Texas Appleseed, Executive Committee Member and Development Committee Chair
Texas Appleseed is a public interest law center that works on issues such as foster care, juvenile justice, abusive lending practices, and the school‐to‐prison pipeline. Girls Incorporated of Greater Houston, Executive Committee Member Girls Inc. of Greater Houston, an affiliate of the national Girls Inc. organization, focuses on building confidence, self‐esteem and practical skills in girls aged 6‐18, through programming delivered through schools, community centers, and churches.

Sheltering Arms Senior Services, Executive Committee Member
Sheltering Arms is dedicated to promoting the dignity and independence of older adults through service, advocacy and support for caregivers. Among its extensive range of programs is a Day Center providing caring supervision and enjoyable recreation for those with Alzheimer’s or other forms of dementia.

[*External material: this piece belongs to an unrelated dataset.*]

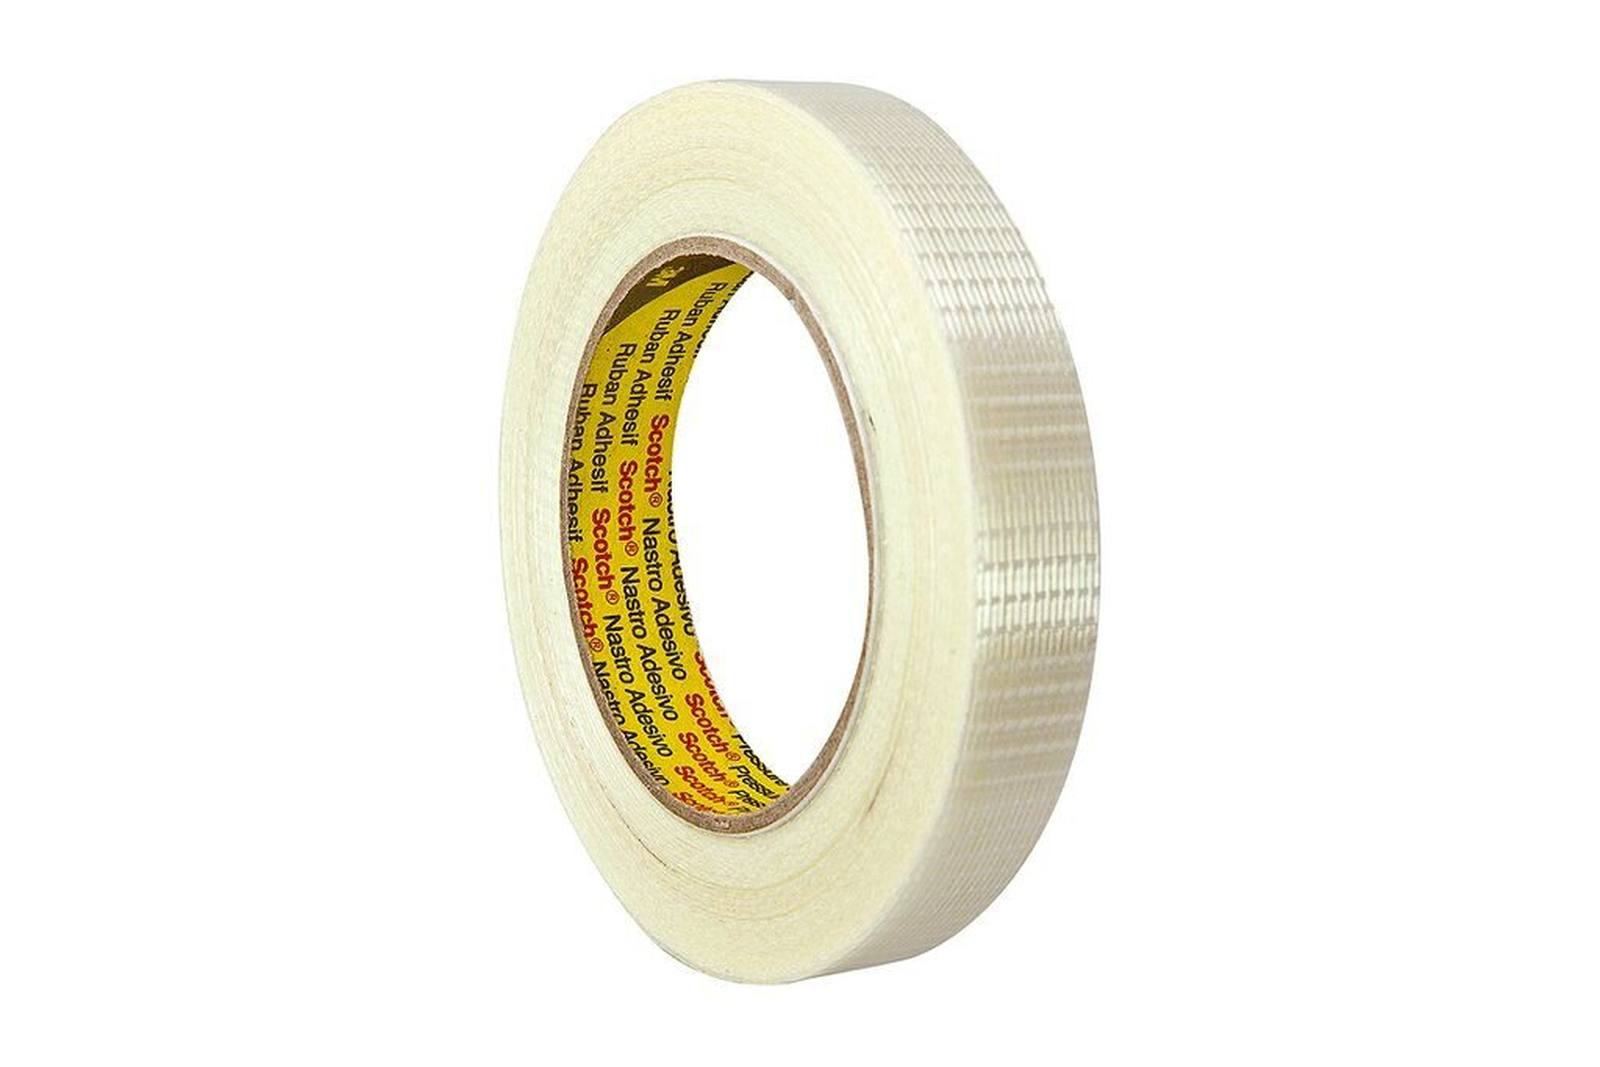 3M Scotch filament tape 8959, transparent, 50 mm x 50 m, 0.145 mm, individually packed

Houston Bar Foundation, former vice‐chair
The Houston Bar Foundation is the charitable arm of the Houston Bar Association, and supports programs providing legal representation to the indigent.

American Leadership Forum, Fellow
ALF’s mission is to join and strengthen diverse leaders to better serve the public good, through an intensive yearlong program designed to strengthen Fellows’ leadership skills through interaction and bonding with other leaders on a wilderness retreat and in other outside‐the‐comfort‐zone settings.

University of Texas Law Alumni Association, former president
University of Texas Law Review Association, former president
Carrin has also chaired or co‐chaired many fundraising events for worthy causes, including for Interfaith Ministries of Greater Houston (raising $1 million at its annual fundraising gala in 2012), the Texas Defender Service (dedicated to ensuring fair and equitable legal proceedings in capital cases), the Houston Area Women’s Center (serving women and children who are victims of domestic violence), Girls Inc. of Greater Houston (dedicated to the empowerment of girls 6 to 18), the Houston Center for Contemporary Craft, and the Houston School for Deaf Children (now the Center for Hearing and Speech).